= Exercise prompt =
In the records below, find the line that contains "Time for sweet" and the line that contains "This Oakland Park"; write out exactly those two lines and everything between them, without the pictures.

───── Data records ─────

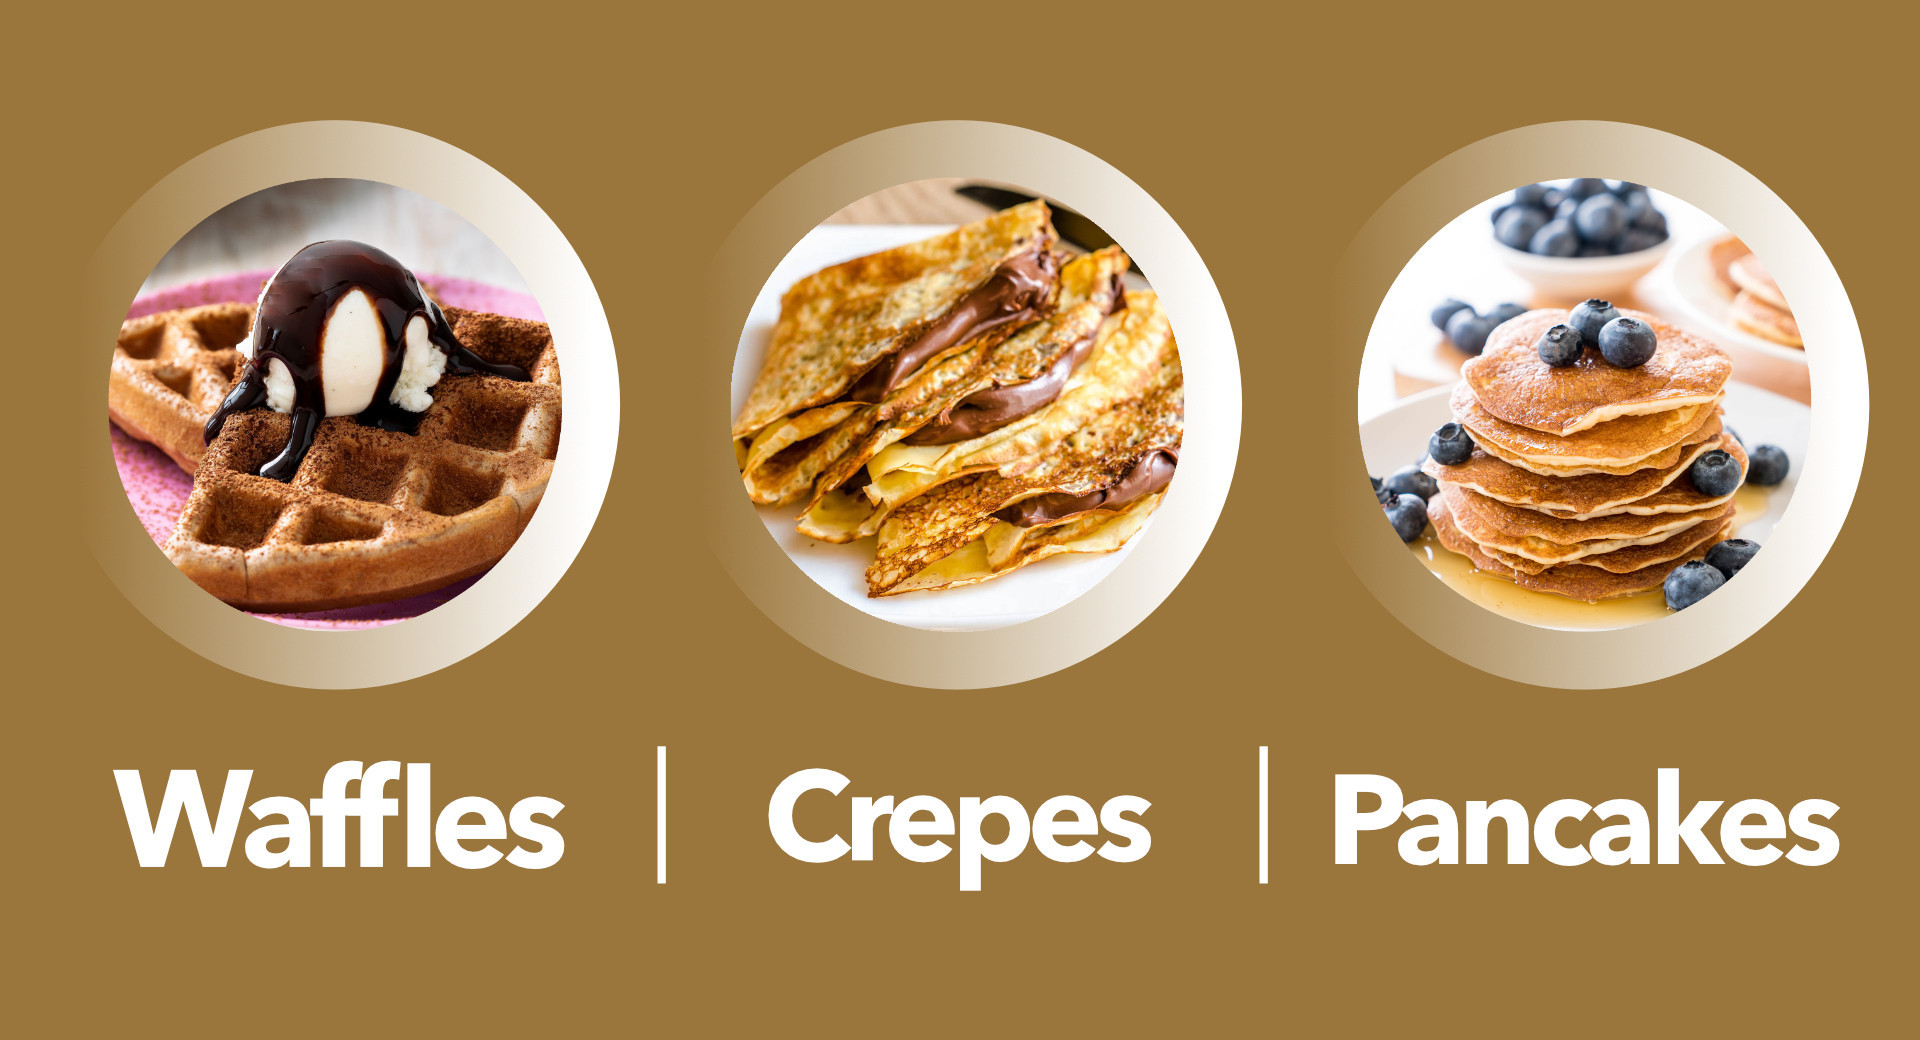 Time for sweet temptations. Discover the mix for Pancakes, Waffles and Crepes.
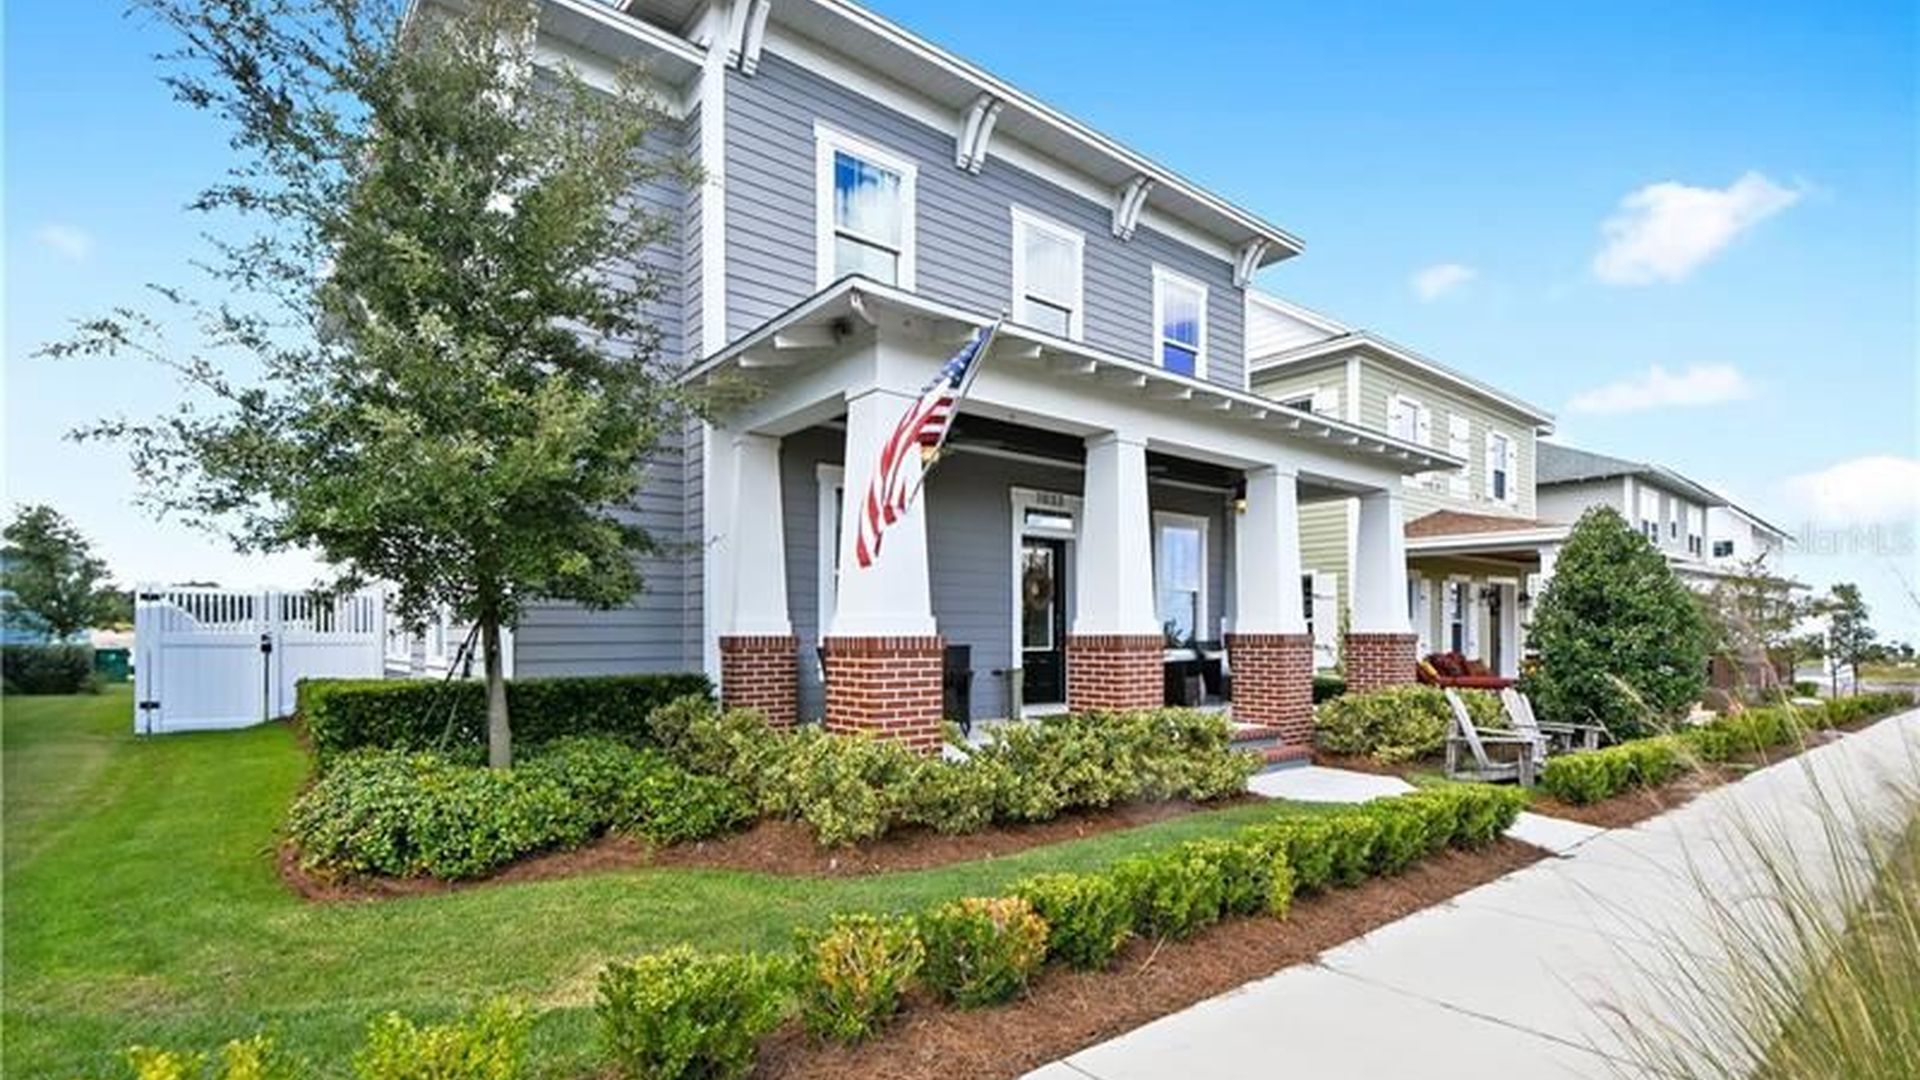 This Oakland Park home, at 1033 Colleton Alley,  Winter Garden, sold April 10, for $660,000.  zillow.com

─────
───── Data records ─────

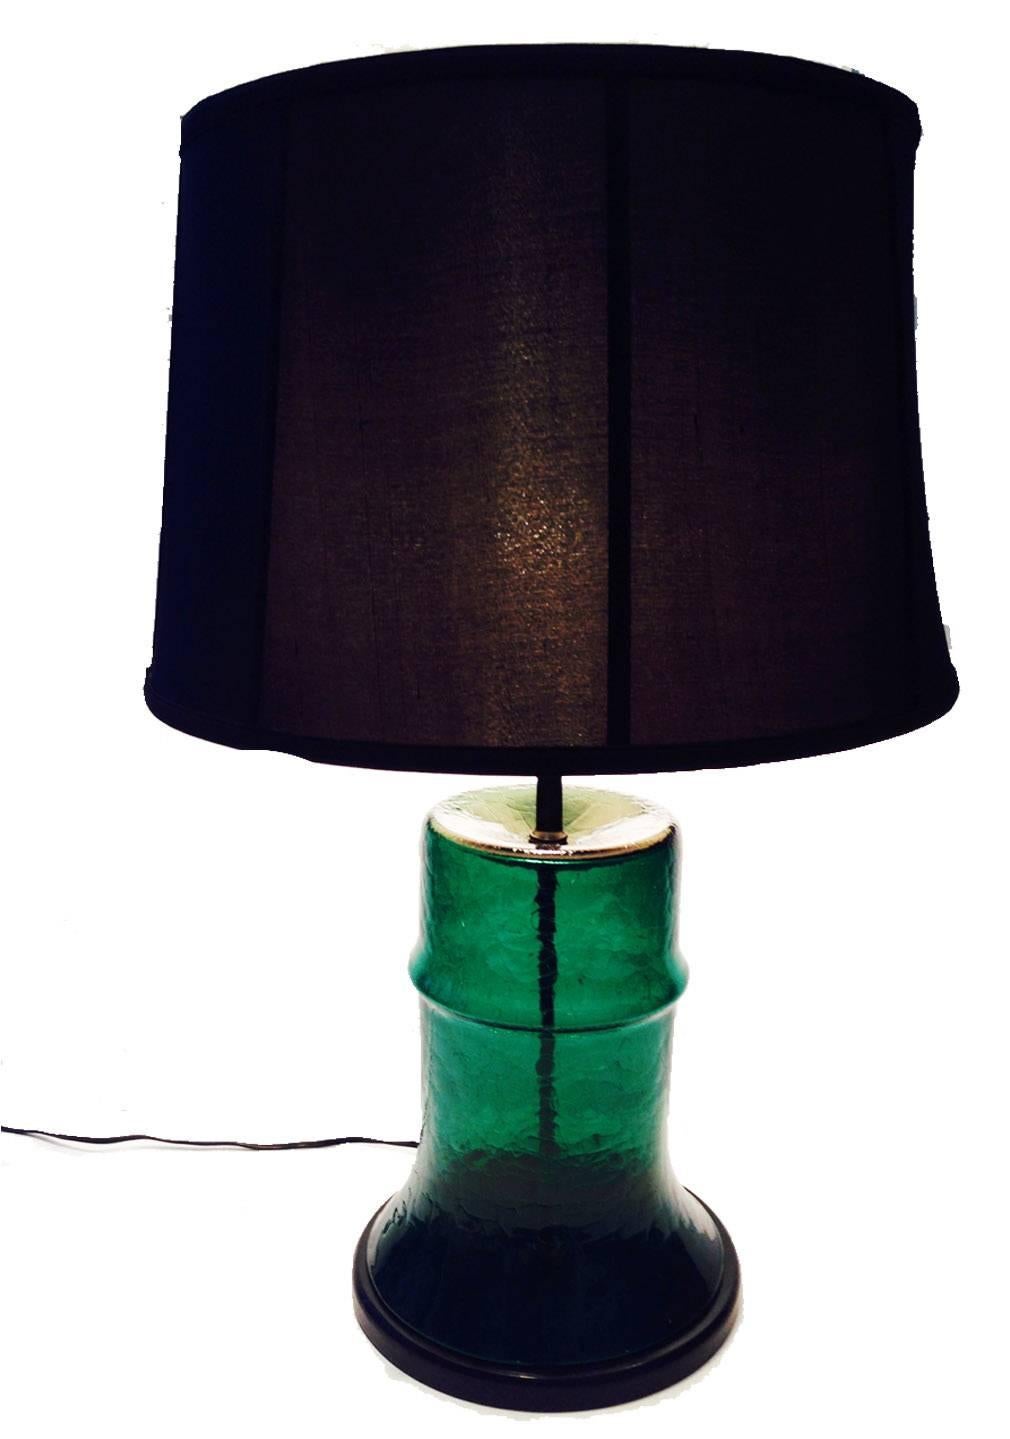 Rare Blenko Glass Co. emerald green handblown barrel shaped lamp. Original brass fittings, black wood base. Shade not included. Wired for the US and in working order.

─────
───── Data records ─────

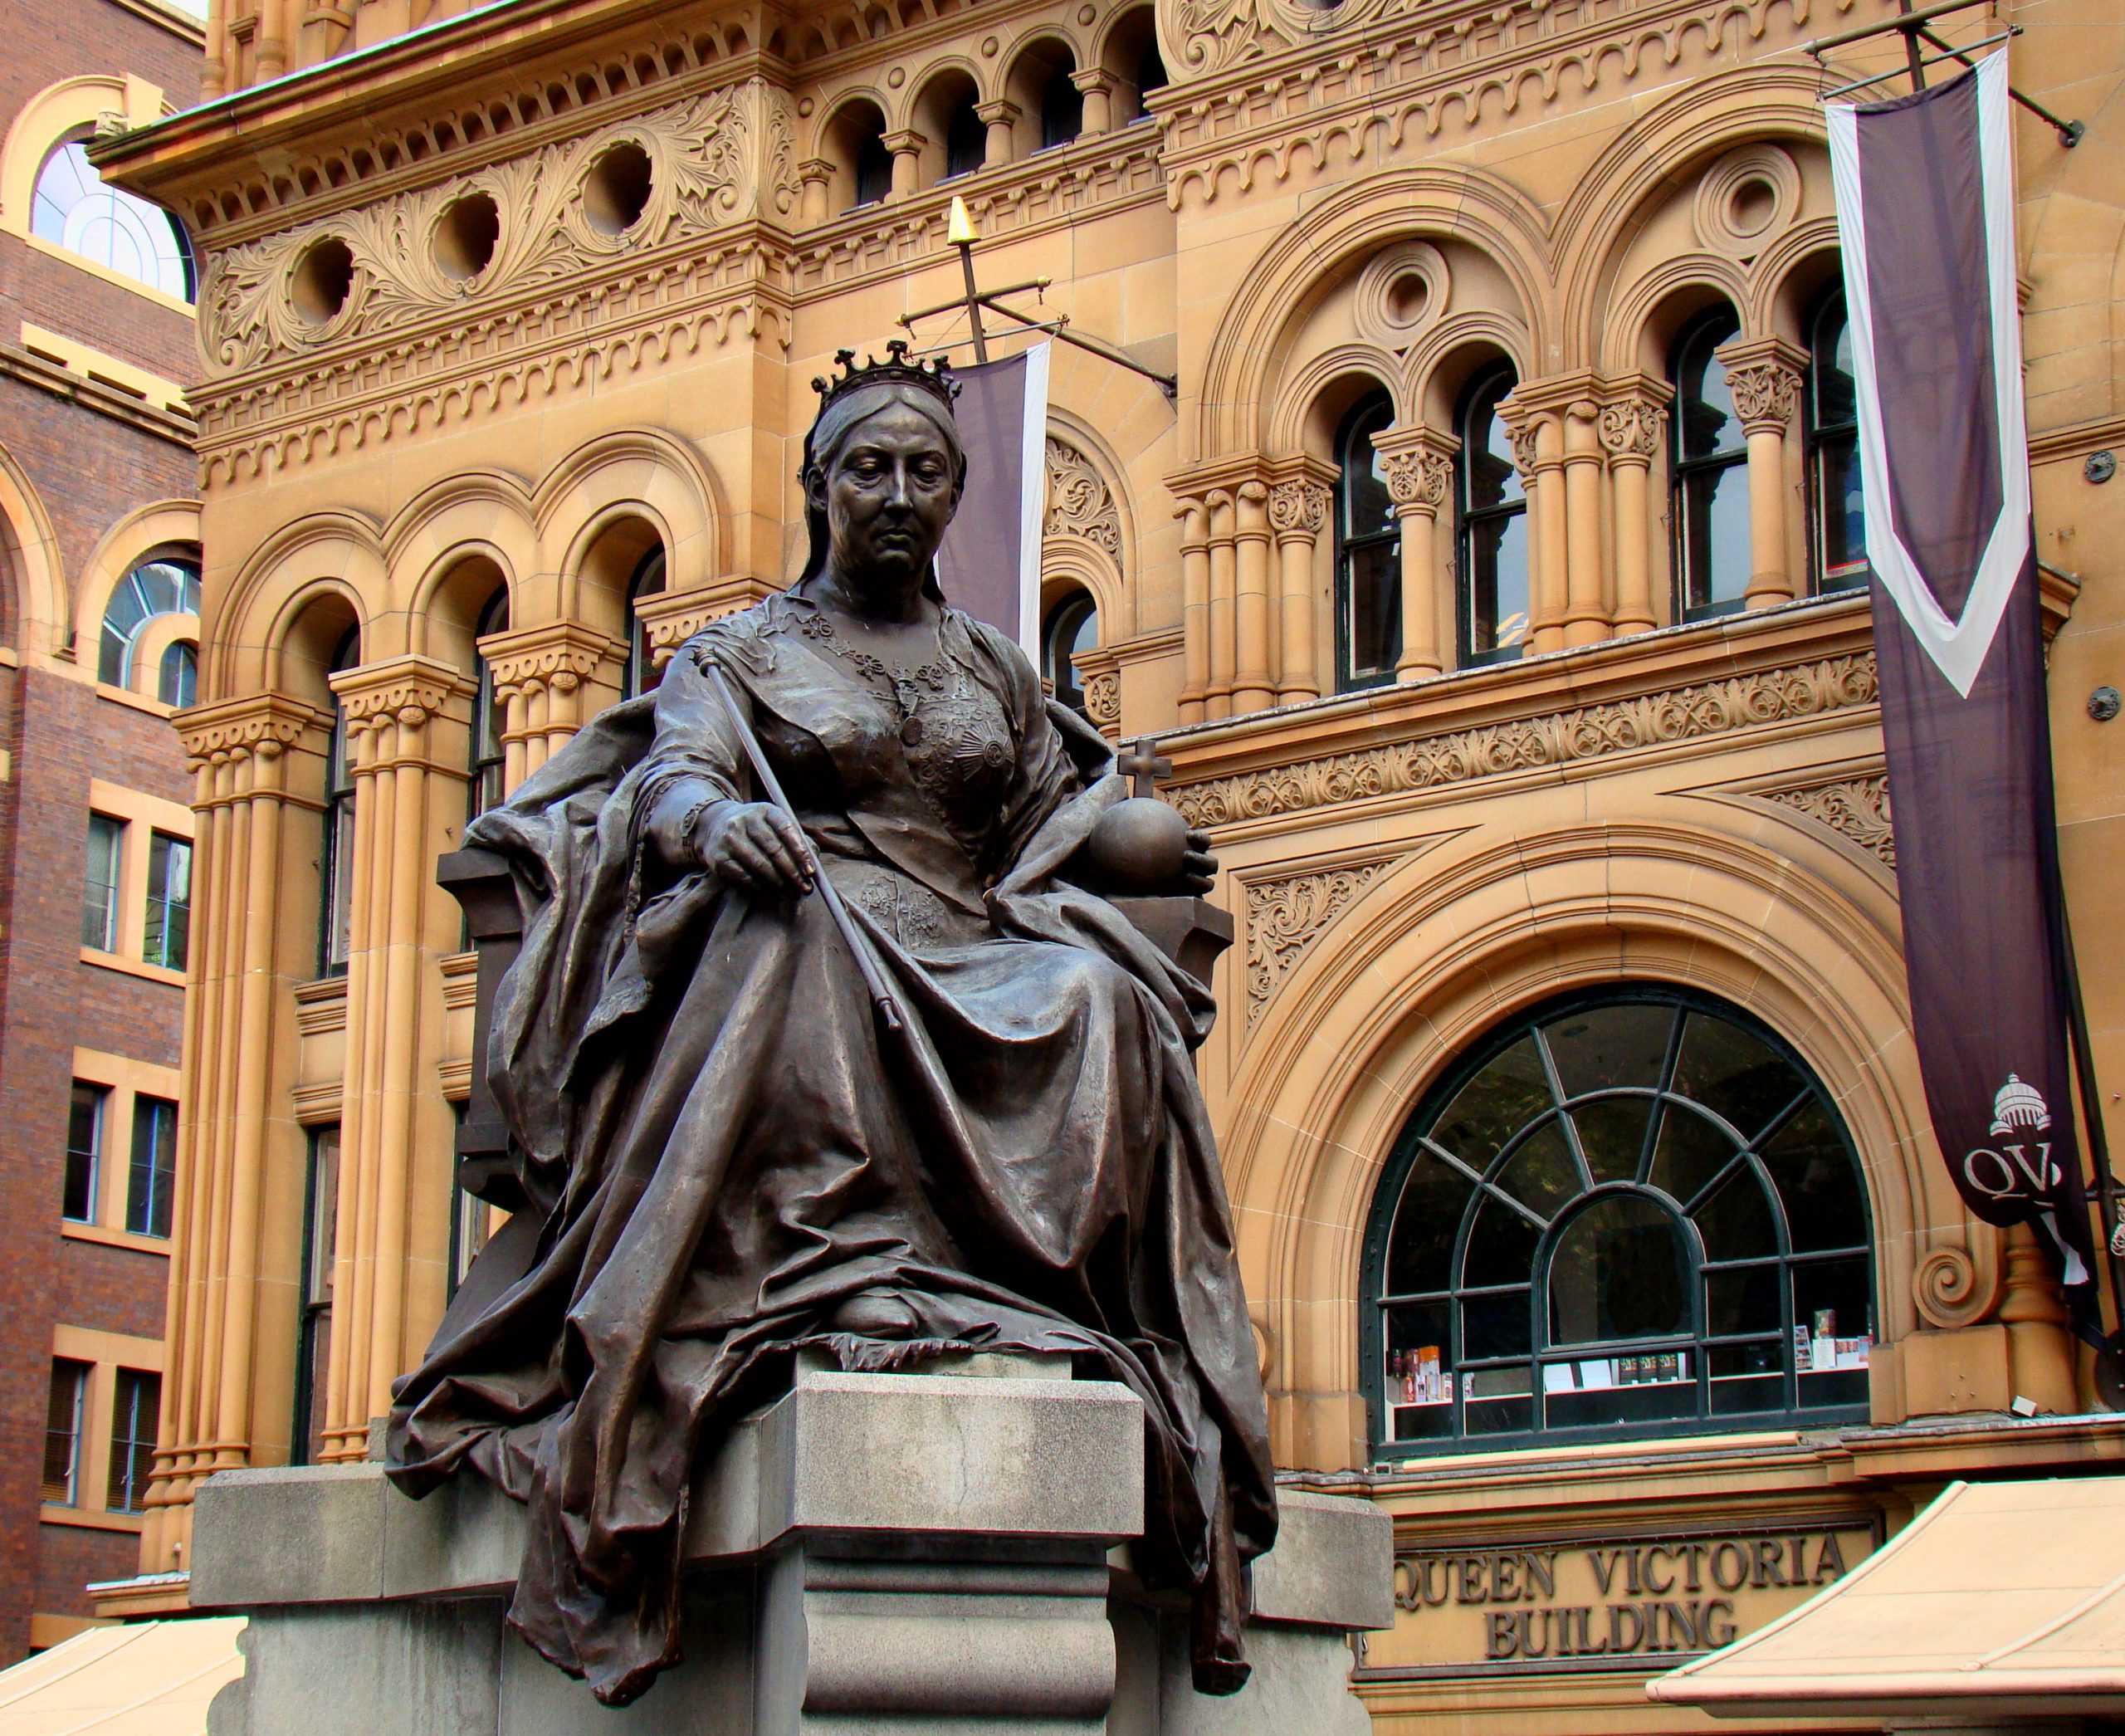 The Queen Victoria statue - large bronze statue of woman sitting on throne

─────

= Result of the task =
 Time for sweet temptations. Discover the mix for Pancakes, Waffles and Crepes.
 This Oakland Park home, at 1033 Colleton Alley,  Winter Garden, sold April 10, for $660,000.  zillow.com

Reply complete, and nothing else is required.